In die gleiche Kerbe schlägt dabei auch das G10, welches auf der Technikmesse Computex 2013 vorgestellt wurde. Ausgestattet mit Intels neuer Haswell-Architektur und Nvidia Grafikkarten findet sich noch eine Besonderheit in der Serie. An der Front ist nämlich neben den üblichen USB-Anschlüssen und einem DVD-Laufwerk auch ein Akkupack integriert. Dieses lässt sich herausnehmen und dient dann unterwegs als Ladegerät für das Smartphone und Tablet. Auch kann es als kurzfristige Stromüberbrückung fungieren, sollte einmal der Strom ausfallen. Laut Hersteller beträgt das Zeitfenster dabei 25 Sekunden.

Asus M51Asus M51 Desktop-PCs sind mit einem leistungsstarken Prozessor und einer modernen Grafikkarte ausgestattet und bieten somit flüssiges Multitasking. Als Besonderheit sind in den Geräten Ablagen für Smartphones integriert. Über diese können alle neuen Nokia Smartphones, Galaxy S4 und LG Optimus G mit extra Hüllen und das Google Nexus 4 über Induktion kabellos aufgeladen werden.

Die M11-Serie konzentriert sich auf den Multimediabereich. Mit AMD FM2-Prozessor und wahlweise Nvidia- oder AMD-Grafikkarten liegt der Fokus auf einem leistungsstarken System und einem klassischen, zurückhaltendes Design.
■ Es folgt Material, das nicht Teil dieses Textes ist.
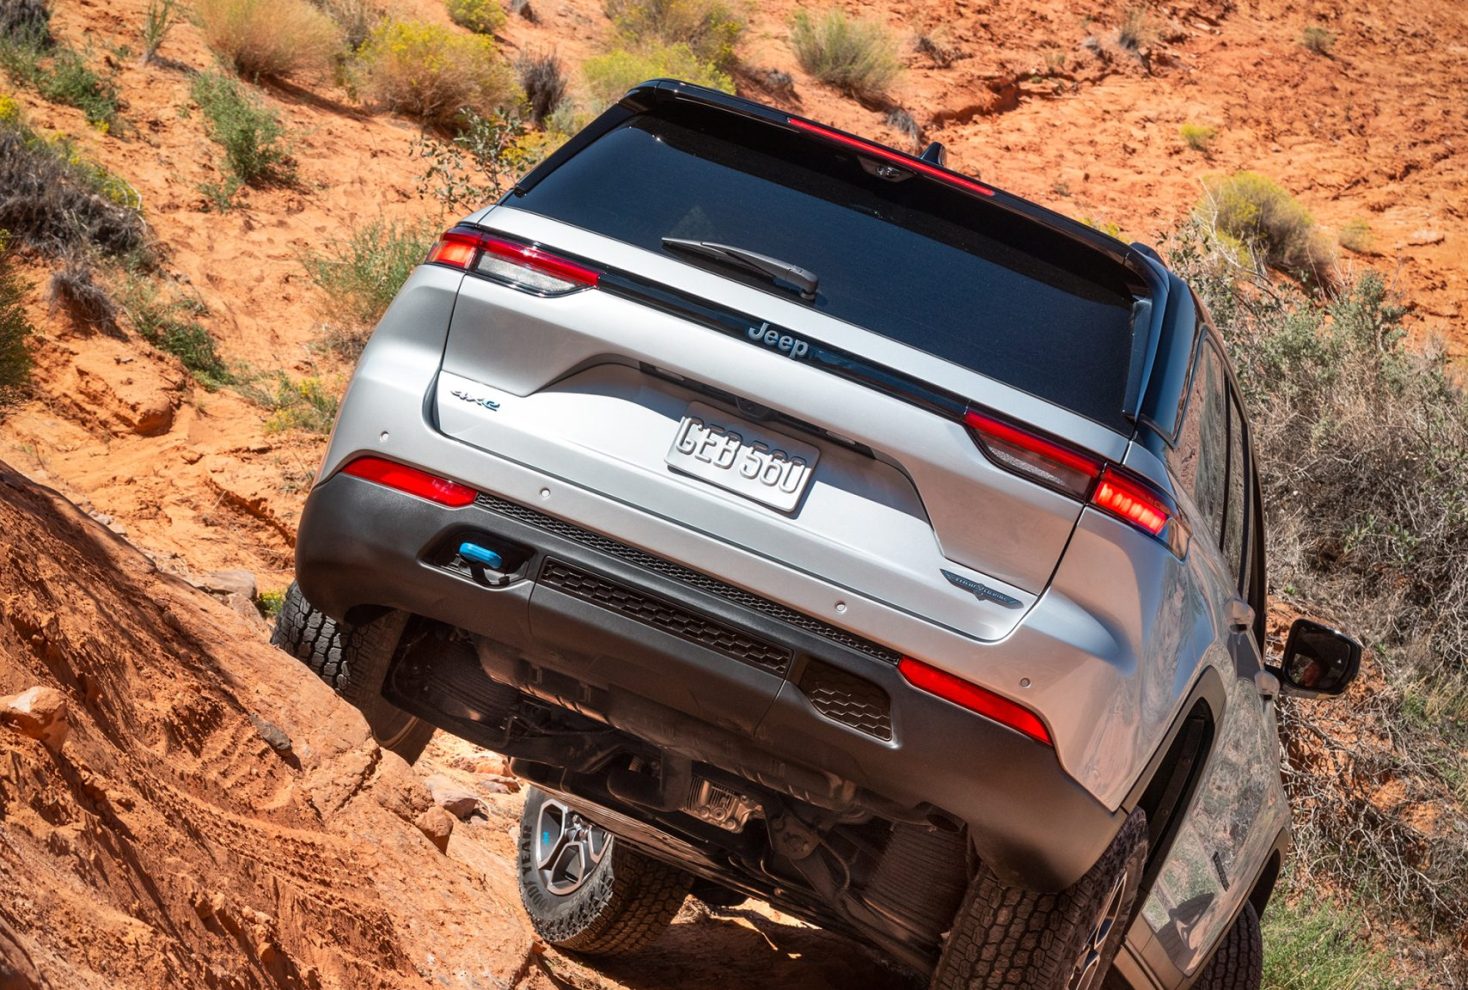 Cars.com Awards the Jeep Grand Cherokee Their Best SUV of 2023

ASUS Transformer AiO P1801

Asus All-In-One

Ein großer und ständig wachsender Bereich bei Asus ist das Geschäft mit All-In-One-PCs. Dabei sticht vor allem die Transformer AiO Reihe hervor, die mit einem pfiffigen Dual-Konzept aufwarten kann. Im Display steckt ein vollwertiges Android-Tablet. Mit wenigen Handgriffen kann der Bildschirm als Tablet genutzt werden. Mit einer Bildschirmdiagonale von 18,4 Zoll und einem teils hohen Gewicht von 2,4 Kilogramm hält sich die Mobilität aber in Grenzen. Die kurze Laufzeit von maximal vier Stunden in dem schwachen Akku geschuldet. Sofern man den Bildschirm in der Docking-Station belässt, kann das System als vollwertiger Rechner mit Maus und Tastatur oder über Touch betrieben werden.

Asus VivoPC

Asus VivoPC

Noch kleiner gestaltet sich die VivoPCs. Diese jüngste Generation an Mini-PCs ist mit Intel-Core-Prozessoren der dritten Generation (Ivy Bridge) ausgestattet und misst nur 19 mal 19 mal 5,62 Zentimeter. Bei einem Gewicht von 1,2 Kilogramm lassen sie sich auch durch eine mitgelieferte VESA-Halterung an der Rückseite von Monitoren montieren. Die Leistung reicht für reguläre Arbeiten im Home-Office aus, geschuldet an der Größe erfolgt die Stromversorgung aber über ein externes Netzteil.

Asus Eee Box

Asus Eee Box

Seit einigen Jahren widmet sich Asus auch kleinen Mini-PCs und bringt in regelmäßigen Abständen mit der Eee Box-Serie Modelle auf den Markt. Der Fokus liegt hierbei auf stromsparenden Komponenten in Form von Intel Atom und Intel Celeron Prozessoren in Verbindung mit integrierten Grafikeinheiten oder abgespeckten Nvidia-Grafikkarten. Die neueren Modelle verzichten zudem auf einen Lüfter und sind somit passiv gekühlt. Ein mögliches Anwendungsgebiet ist hierbei die Nutzung als Wohnzimmer-PC in Verbindung mit dem XBMC Media-Center.